# In the Flesh and Being Human (BBC America)



## Fixer (Mar 29, 2005)

Looks like BBCA is shuffling some things around. According to their blog post dated April 4th, the fifth and final season of "Being Human" (UK) was supposed to premiere in the States on June 8th, and the three part mini-series "In the Flesh" was supposed to premiere on August 3rd.

The latest post dated May 22nd, now has "In the Flesh" starting two months early on June 6th, and "Being Human" starting one month later on July 13th.

Just thought I'd let those that are interested know.

___


----------



## dswallow (Dec 3, 2000)

You gotta watch "In The Flesh." It is an awesome piece of entertaining social commentary directly out of left field.


----------



## kyoo (Jan 23, 2006)

Indeed.. I just watched the first episode last night.. very interesting twist on the whole zombie Apocalypse thingy.. I didn't realize it was only a 3 part mini-series.. that sort of saddens me..


----------



## dswallow (Dec 3, 2000)

kyoo said:


> Indeed.. I just watched the first episode last night.. very interesting twist on the whole zombie Apocalypse thingy.. I didn't realize it was only a 3 part mini-series.. that sort of saddens me..

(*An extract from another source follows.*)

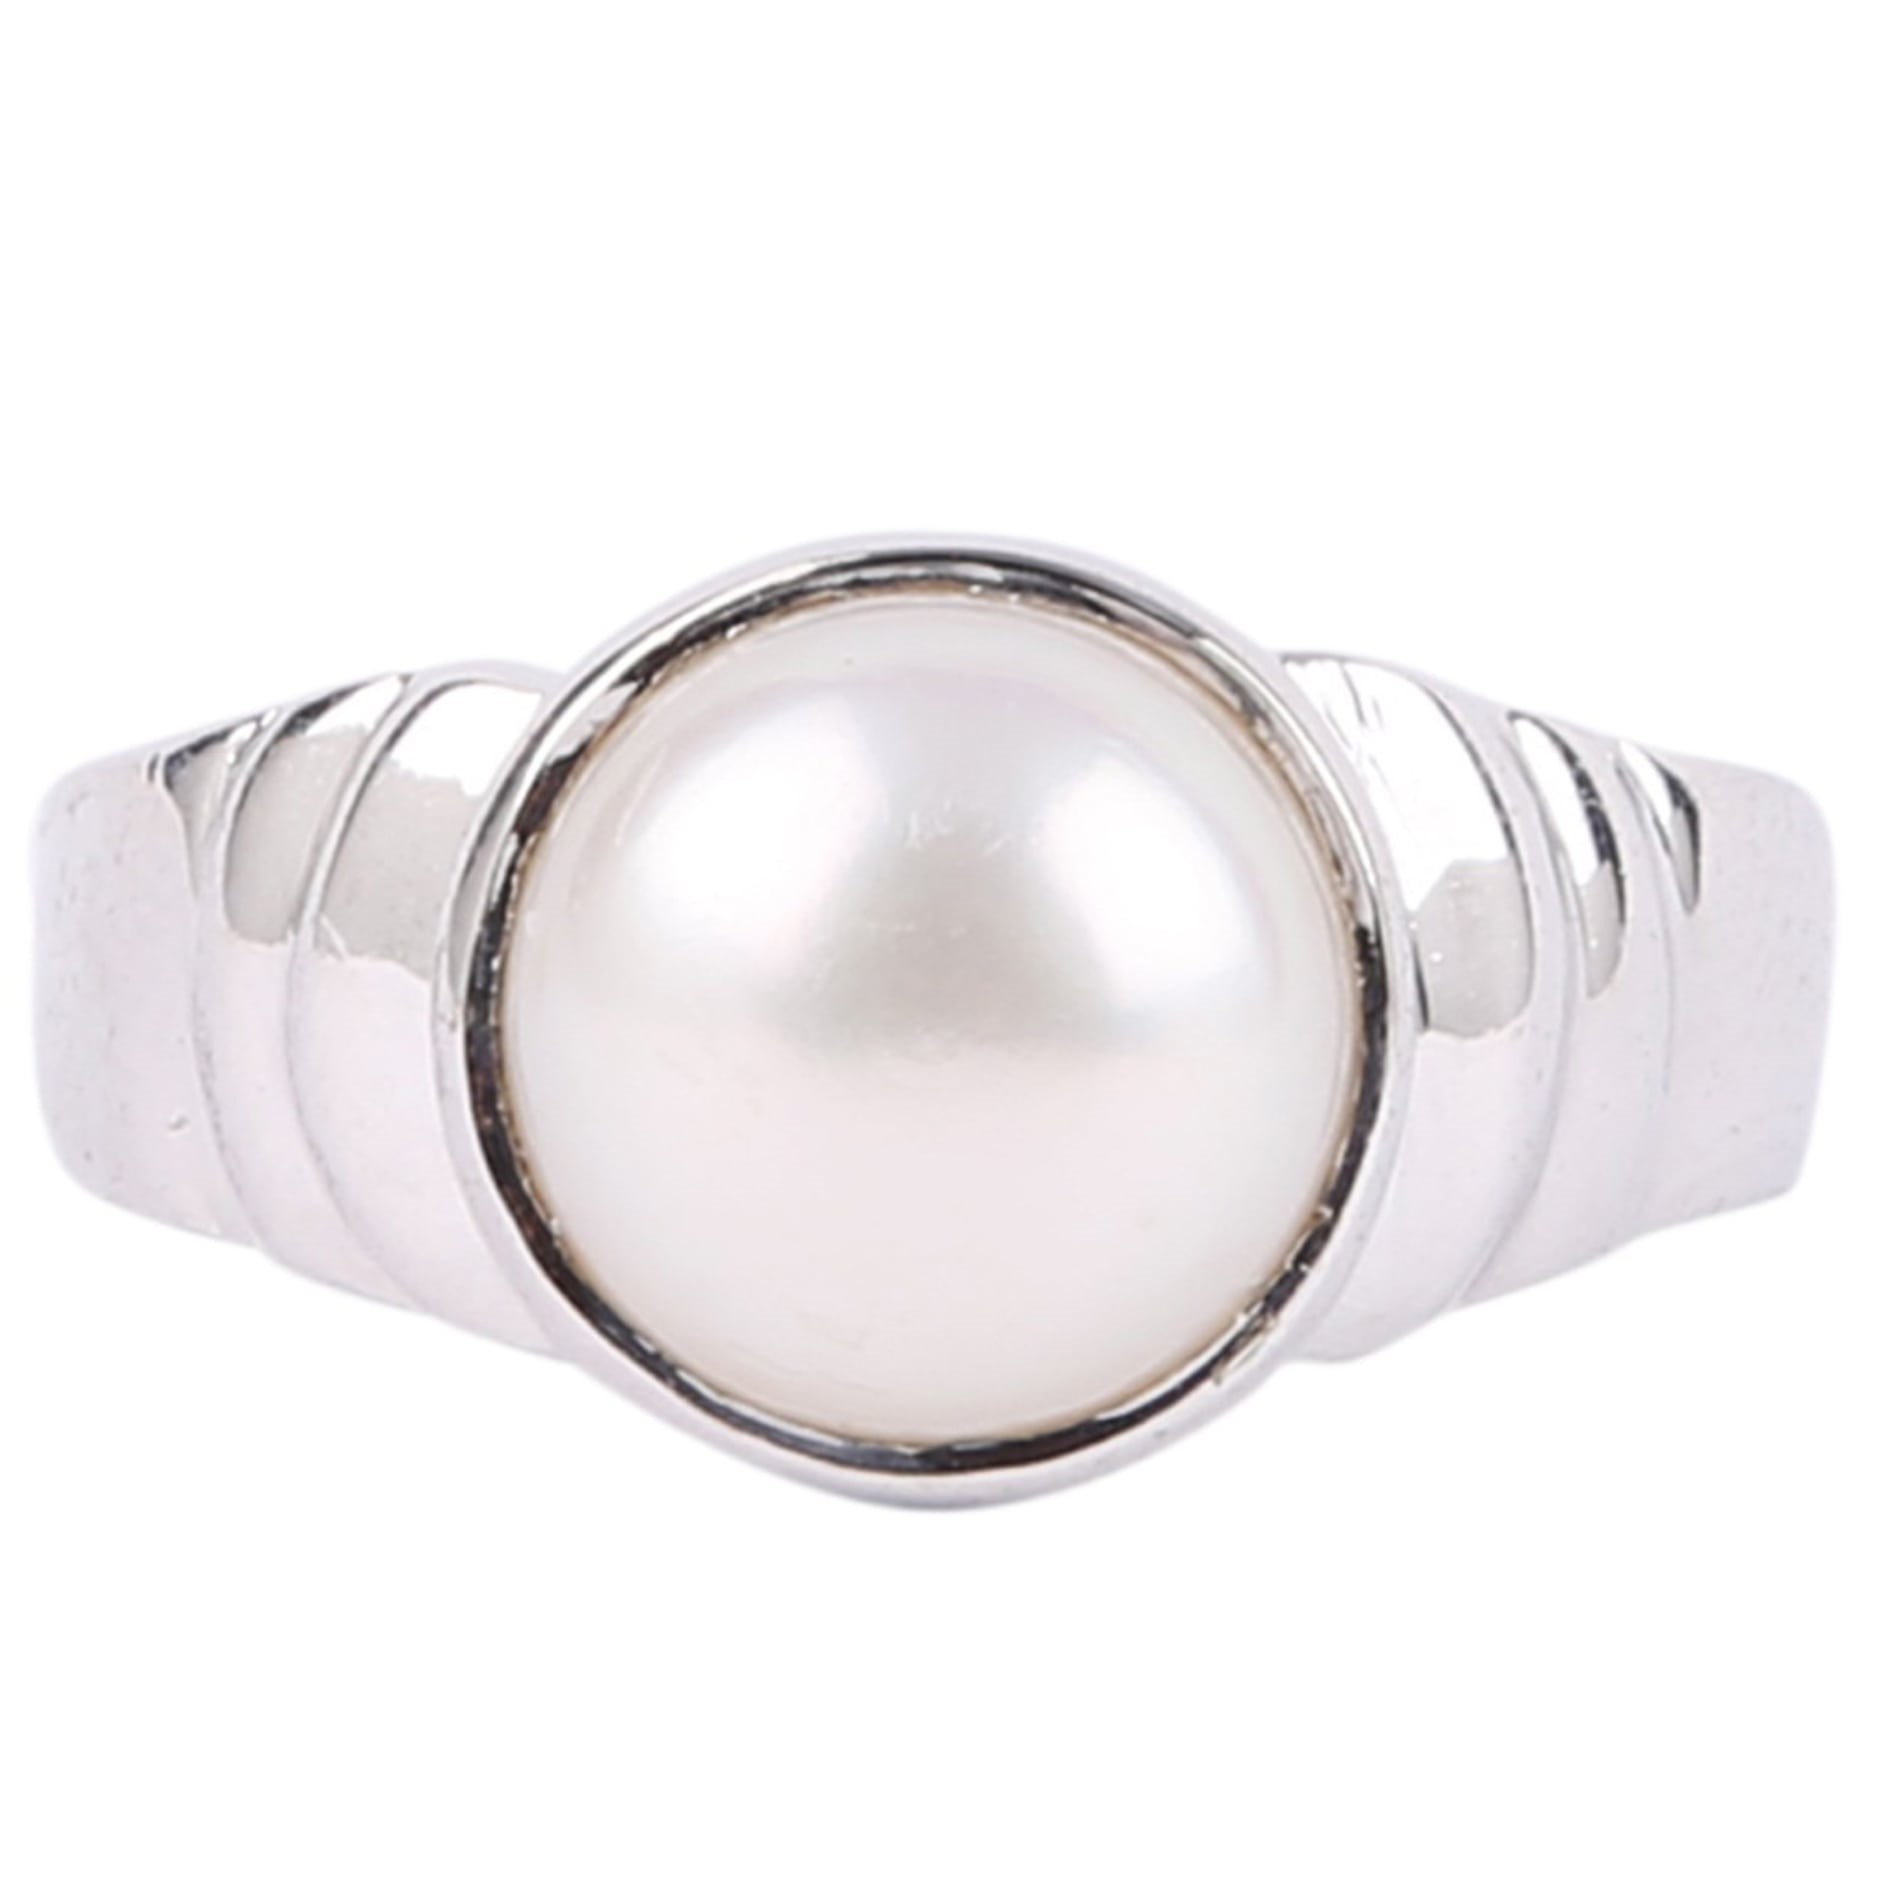 Freshwater Pearl Cuff Ring 012t – The Jewelry Junkie
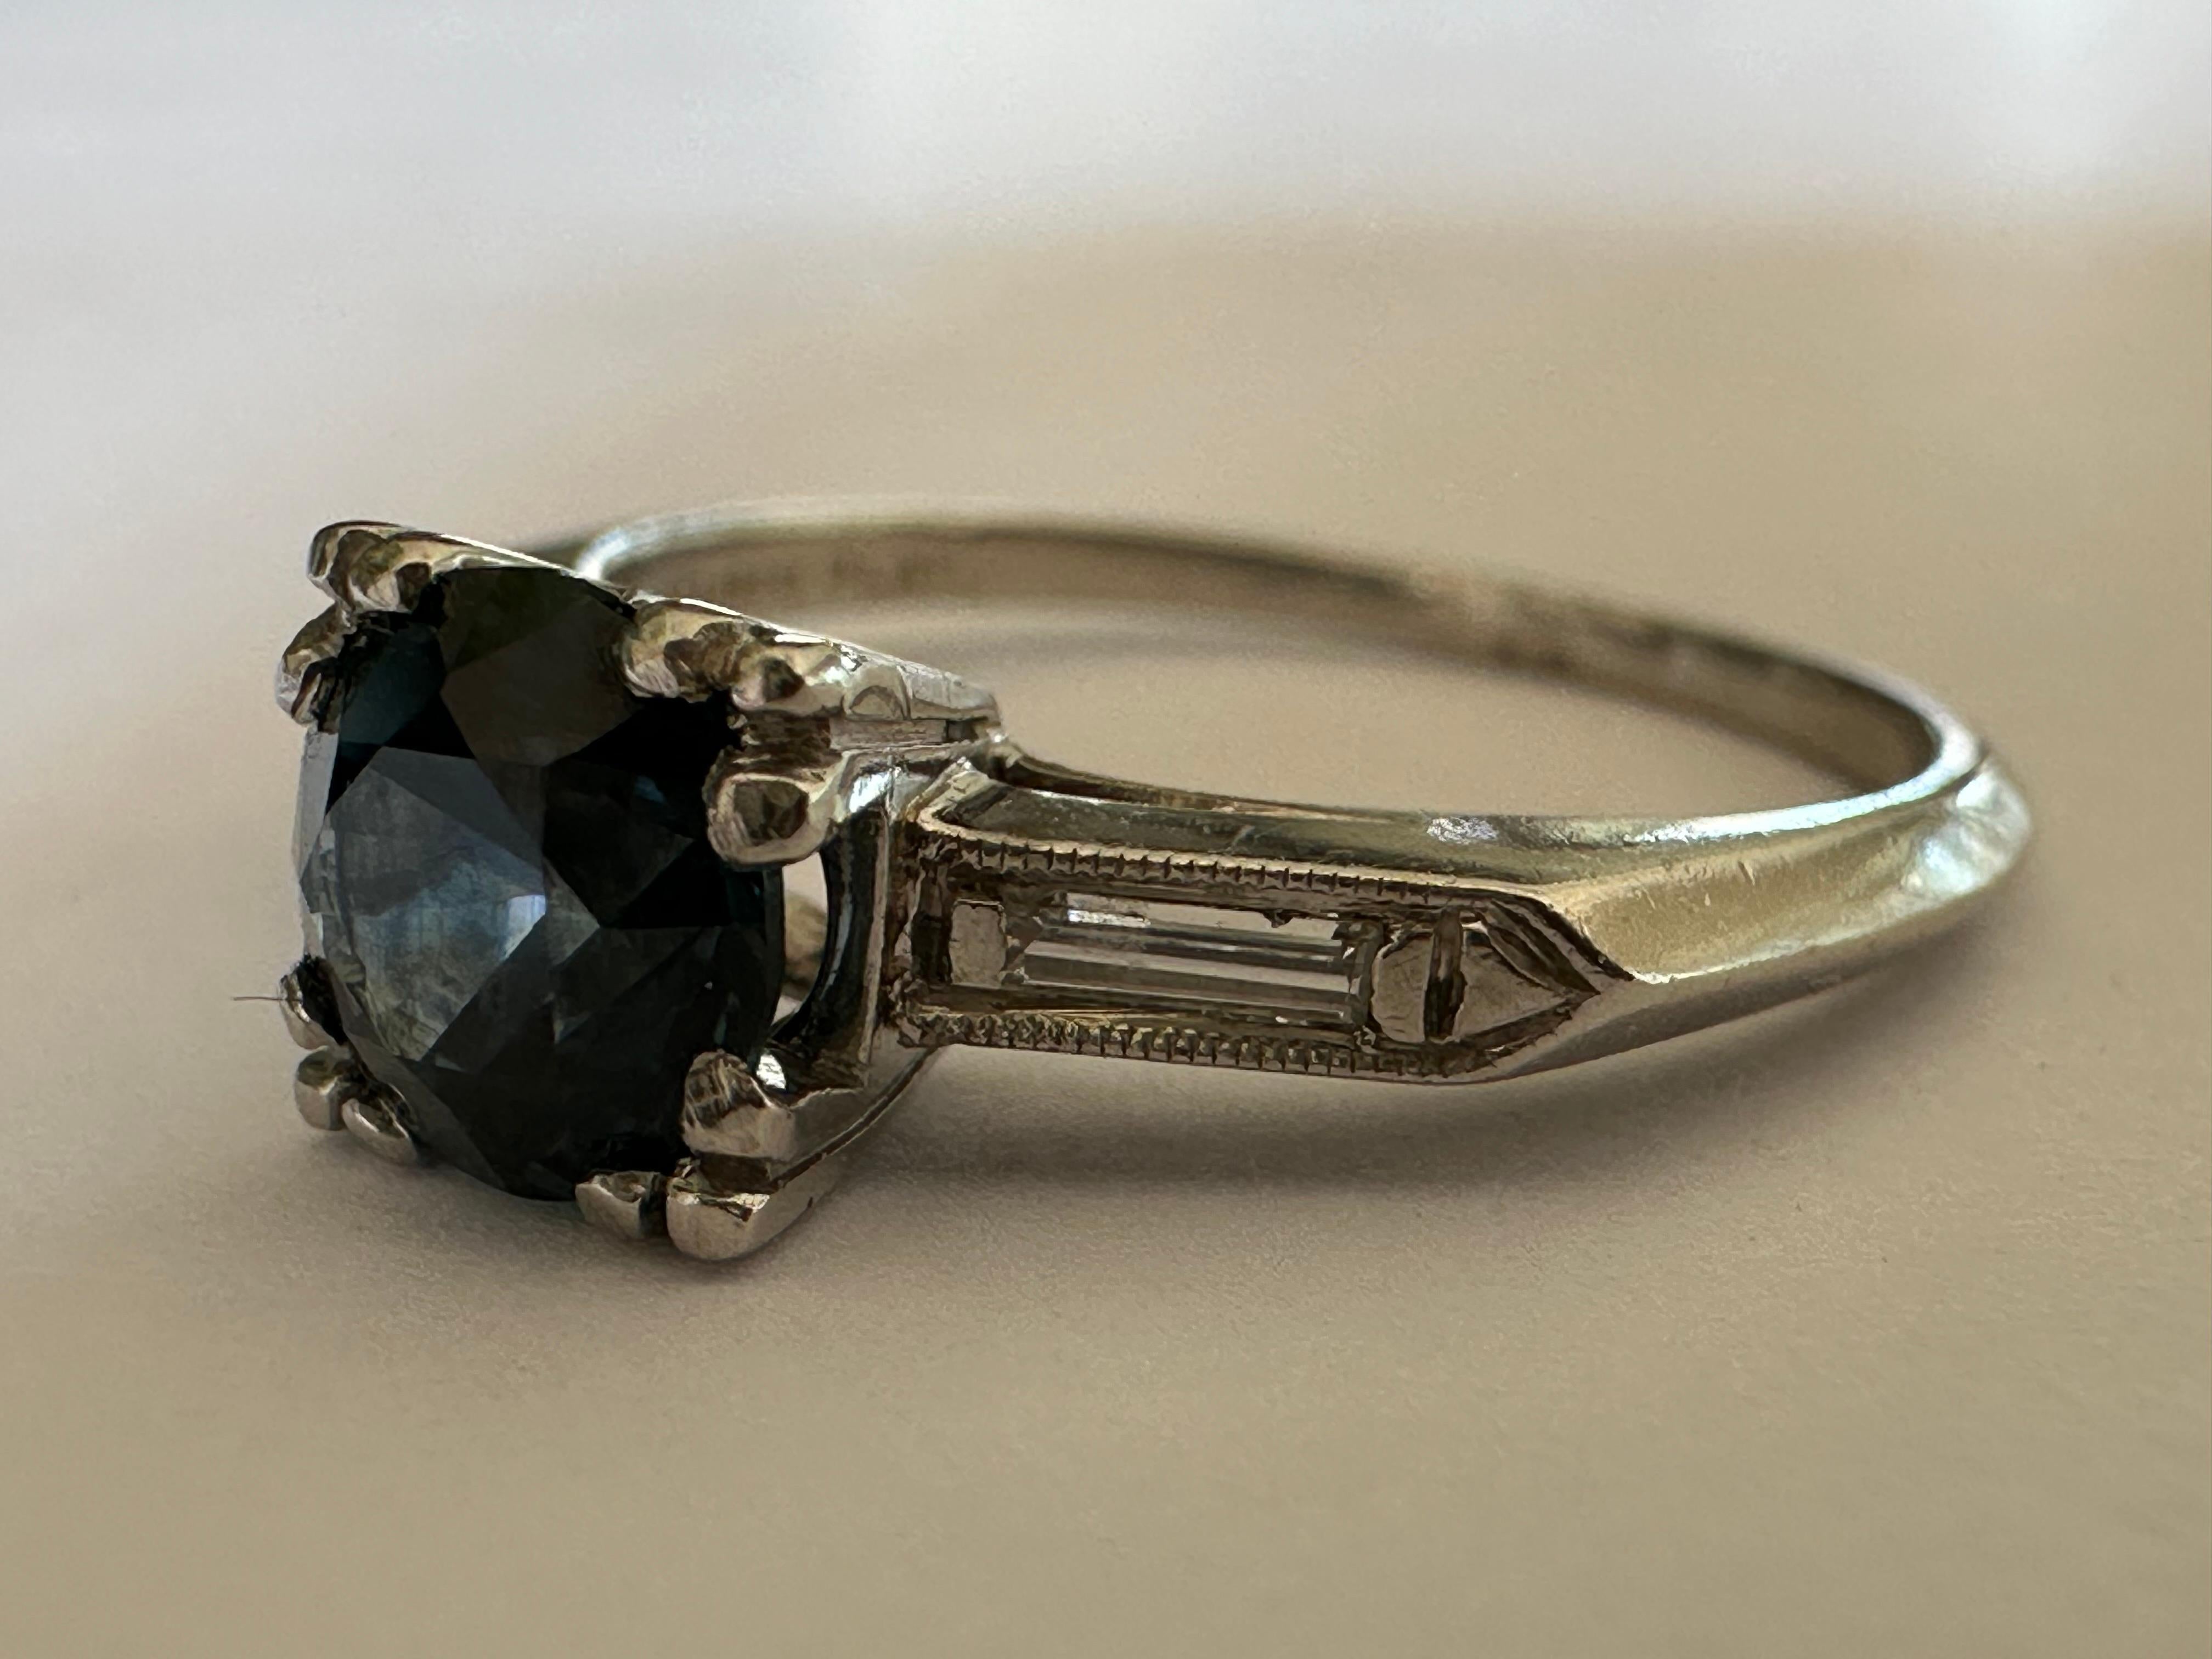 A rare 1.08-carat natural deep blue Montana sapphire measuring 6.05 mm centers this mid-century ring crafted in the 1950s flanked by two baguette diamonds totaling approximately 0.10 carat and bordered by fine millegrain edging. Set in platinum.

There's a second (extended) series coming in 2014. Don't know if "extended" means anything significant; in UK TV terms, that might just mean 4 episodes instead of 3.


----------



## CoxInPHX (Jan 14, 2011)

Thank for the Heads Up, best piece of work I have seen on TV in a while.


----------



## sieglinde (Aug 11, 2002)

Only watched the first ep so far but it was very good


----------